Dear Members,
Your Directors' have pleasure in presenting the 53rd
Annual Report on the business, operations and financial performance of the Company along
with the Consolidated Audited Balance Sheet and Statement of Profit & Loss for the
year ended 31st March, 2025.
FINANCIAL INFORMATION
(Rs. in Crores)
|
Consolidated |
Standalone |
Particulars |
|
|
|
|
|
2024-25 |
2023-24 |
2024-25 |
2023-24 |
Revenue from operations |
3439.19 |
2982.31 |
2587.51 |
1879.52 |
Profit before Finance Cost, Depreciation
& Tax |
380.84 |
417.64 |
318.22 |
306.73 |
Less: Finance Cost |
120.54 |
68.62 |
94.45 |
43.75 |
Cash Profit |
260.30 |
349.02 |
223.77 |
262.98 |
Less: Depreciation |
182.61 |
115.79 |
88.65 |
58.44 |
Profit before Tax and exceptional items |
77.69 |
233.23 |
135.12 |
204.54 |
Gain on Exceptional Items |
30.59 |
22.70 |
11.91 |
17.82 |
Profit before tax |
108.28 |
255.93 |
147.03 |
222.36 |
Add/(Less): Income Tax |
(51.23) |
(50.74) |
(45.39) |
(45.96) |
Add/(Less): Deferred Tax |
38.48 |
(10.68) |
10.45 |
(8.17) |
Profit after Tax before share of
profit/(loss) of joint venture |
95.53 |
194.51 |
112.09 |
168.23 |
Share of profit/(loss) of joint venture |
1.17 |
(10.58) |
- |
- |
Profit for the year |
96.70 |
183.93 |
112.09 |
168.23 |
Other Comprehensive Income |
6.50 |
(2.70) |
(0.07) |
- |
Total Comprehensive Income for the year |
103.20 |
181.23 |
112.02 |
168.23 |
During the current year, Revenue of the Company, on standalone basis is
Rs. 2587.51 Crores, last year Revenue of the Company was Rs. 1879.52 Crores. The
Profit for the year for the current year decreased to Rs. 112.09 Crores as against the
profit for the year of Rs. 168.23 Crores of last year.
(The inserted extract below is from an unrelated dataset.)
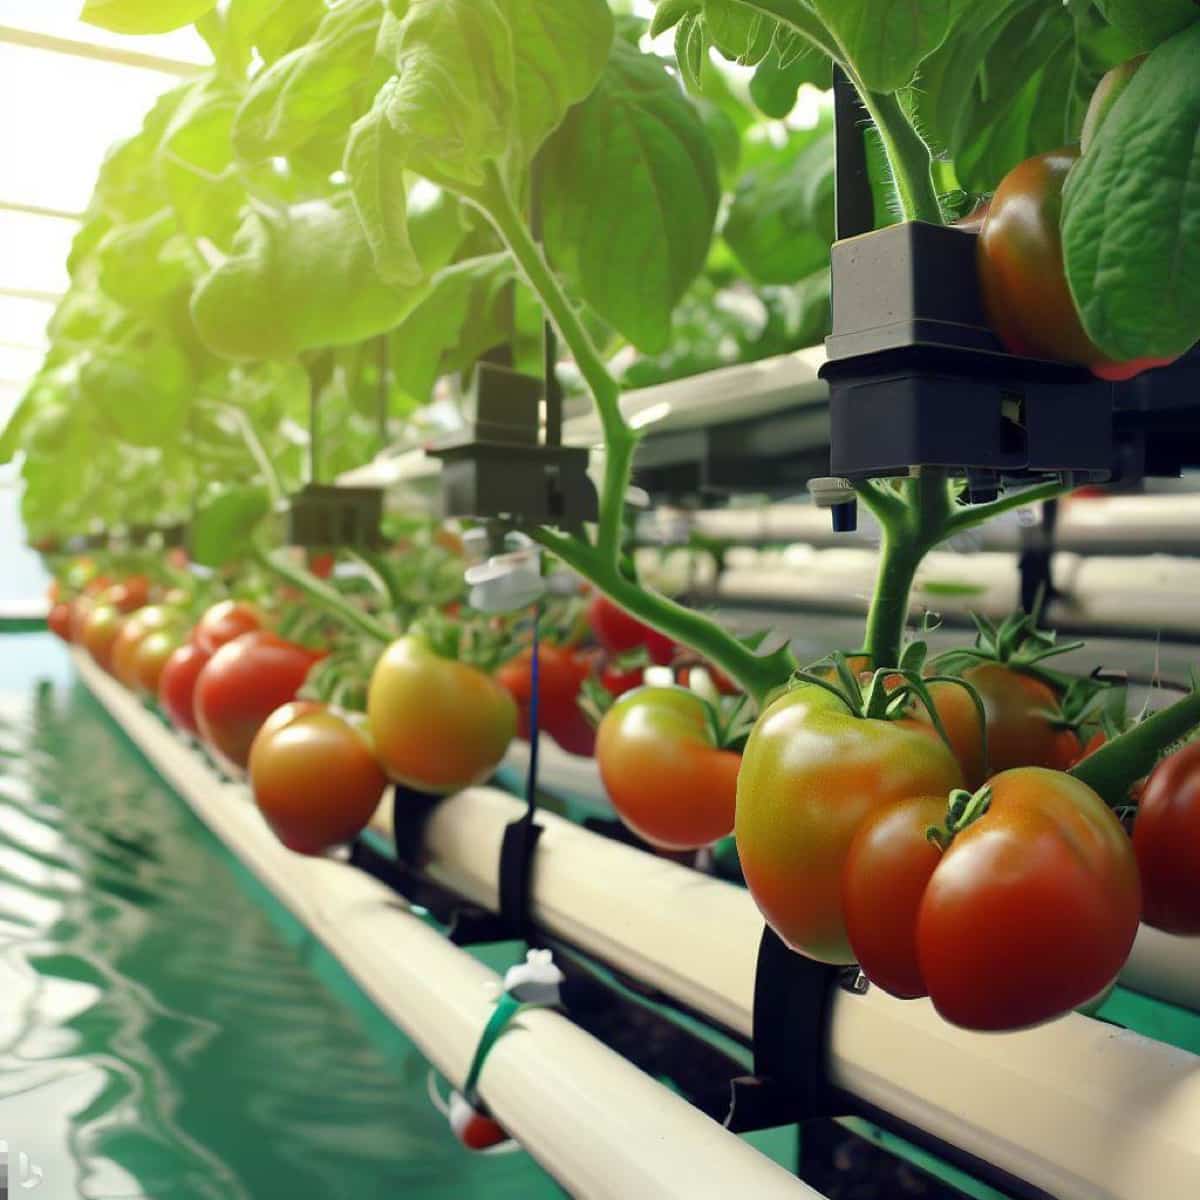 Growing Tomatoes Using Aquaponic Technology
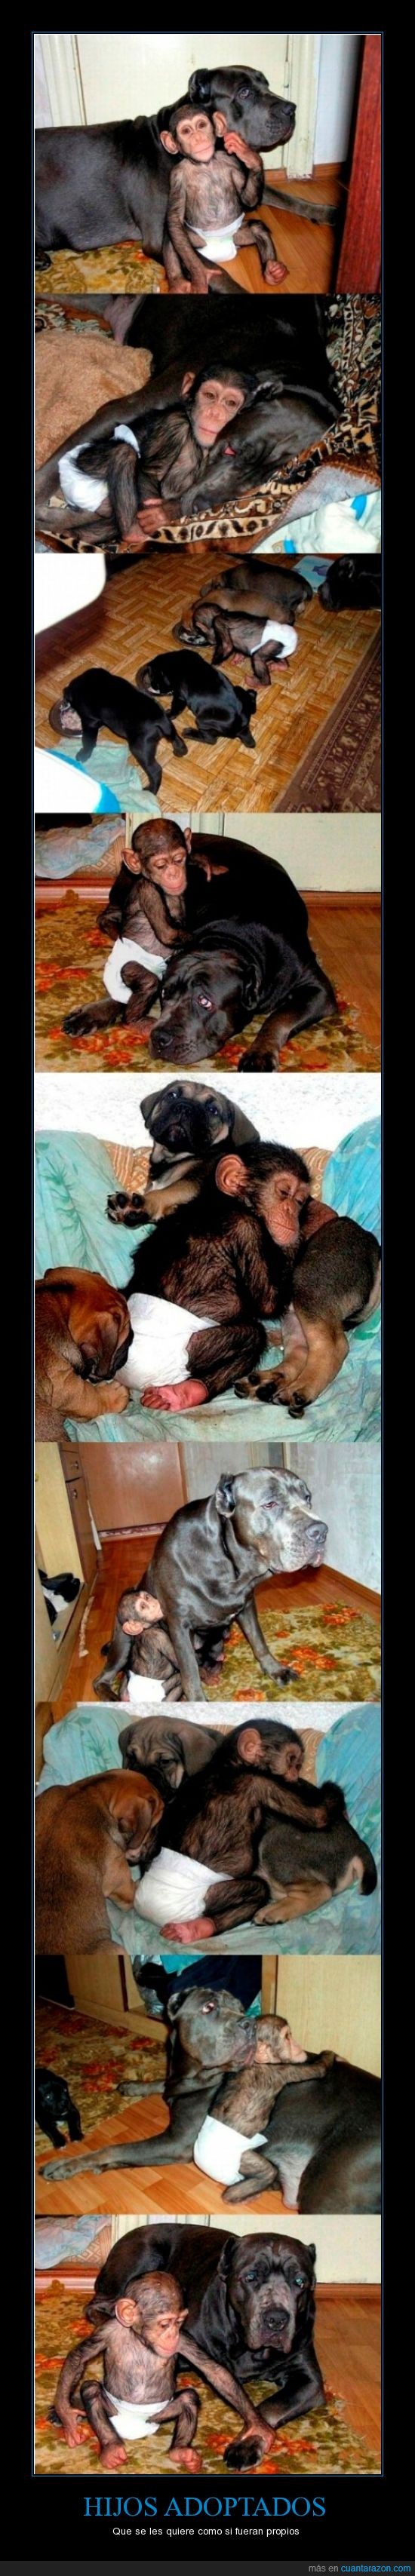 Mastín,chimpacé,huérfano,adopción,perro,mono,animal,amor

On consolidated basis the overall Revenue increased from Rs. 2982.31
crores to Rs. 3439.19 Crores. The consolidated profit for the year decreased from Rs.
183.93 Crores to Rs. 96.70 Crores.
DIVIDEND
Board of Directors do not recommend any dividend for the year 2024-25.
The entire profit is being ploughed back in the business.
CHANGE IN SHARE CAPITAL
During the year under review, the paid-up equity share capital of the
Company has been increased from Rs. 54,34,86,705 divided into 10,86,97,341 equity shares
of Rs. 5 /- each to Rs.54,35,29,980 divided into 10,87,05,996 equity shares of Rs. 5 /-
each pursuant to allotment of Equity Shares under the Employee Stock Option Plans of the
Company. These Equity Shares rank pari-passu with the existing Equity Shares of the
Company in all respects. During the year under review, your Company has not issued any
Equity Share with differential rights, Sweat Equity Shares or Bonus Shares.
SUBSIDIARIES
As on 31st March, 2025 the Company has seven subsidiaries
and ten steps down subsidiaries. As required under the provisions of Section 129 of the
Companies Act, 2013, read with Companies (Accounts) Rule, 2013, a statement containing
salient features of the financial statements of subsidiaries is provided in the prescribed
format AOC-1 as Annexure-A of the Board Report.
MATERIAL SUBSIDIARIES
In accordance with Regulation 16 of Securities and Exchange Board of
India (Listing Obligations and Disclosure Requirements), Regulations 2015 (Listing
Regulations), Joyce Foam Pty. Ltd (Joyce Foam) Australia, International Foam Technologies
Spain, S.L.U. and Kurlon Enterprise Limited are material non-listed subsidiaries. The
Company has formulated a policy for determining material subsidiaries. The policy has been
uploaded on the website of the Company at https://www. sheelafoam.com/
COMPOSITE SCHEME OF ARRANGEMENT OF AMALGAMATION OF KURLON ENTERPRISE
LIMITED ALONG WITH ITS SUBSIDIARIES WITH THE COMPANY
The Board of Directors of the Company ("Board"), at its
meeting held on March 28, 2024, approved the draft Composite Scheme of Arrangement. The
scheme involves the amalgamation of Belvedore International Limited, Kanvas Concepts
Private Limited, Kurlon Retail Limited, Komfort Universe Products and Services Limited,
and Starship Value Chain and Manufacturing Private Limited into Kurlon Enterprise Limited,
followed by the amalgamation of Kurlon Enterprise Limited with Sheela Foam Limited, along
with their respective shareholders and creditors.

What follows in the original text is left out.